Determine secondary level tactical element

The secondary level tactical element the adversary seeks to attack is the specific network or area of a network that is vulnerable to attack. Within the corporate network example, the secondary level tactical element might be a SQL server or a domain controller with a known vulnerability. [1] [2] [3] [4]

ID: T1244
Sub-techniques:  No sub-techniques
Tactic: Target Selection
Version: 1.0
Created: 14 December 2017
Last Modified: 17 October 2018


Detectable by Common Defenses (Yes/No/Partial): No

Explanation: Normally, defender is unable to detect. May change for special use cases or adversary and defender overlays.

Difficulty for the Adversary

Easy for the Adversary (Yes/No): Yes

Explanation: This is the normal adversary targeting cycle where they utilize our poor OPSEC practices to their advantage.


  1. Elizabeth Van Ruitenbeek, Ken Keefe, William H. Sanders, and Carol Muehrcke. (2010).

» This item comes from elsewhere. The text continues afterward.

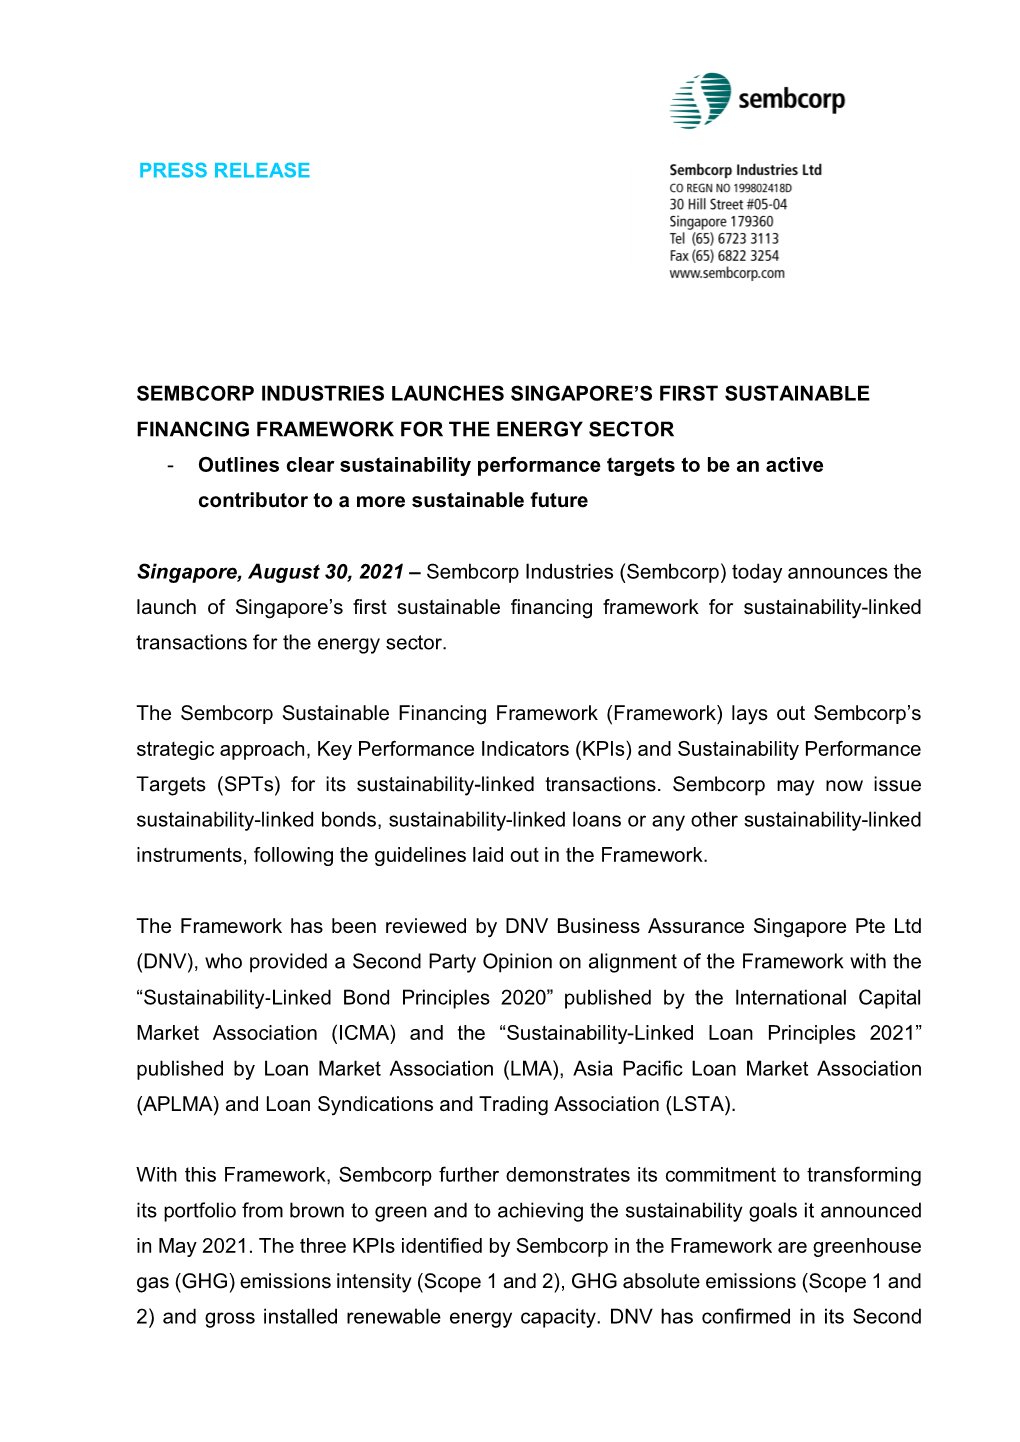 Press Release Sembcorp Industries Launches

Characterizing the Behavior of Cyber Adversaries: The Means, Motive, and Opportunity of Cyberattacks. Retrieved March 5, 2017.
  2. Joint Chiefs of Staff. (2013, January 31). Joint Targeting. Retrieved May 19, 2017.
  1. Joint Chiefs of Staff. (2013, February 5). Cyberspace Operations. Retrieved May 19, 2017.
  2. Department of Defense. (2015, April). The Department of Defense Cyber Strategy. Retrieved May 19, 2017.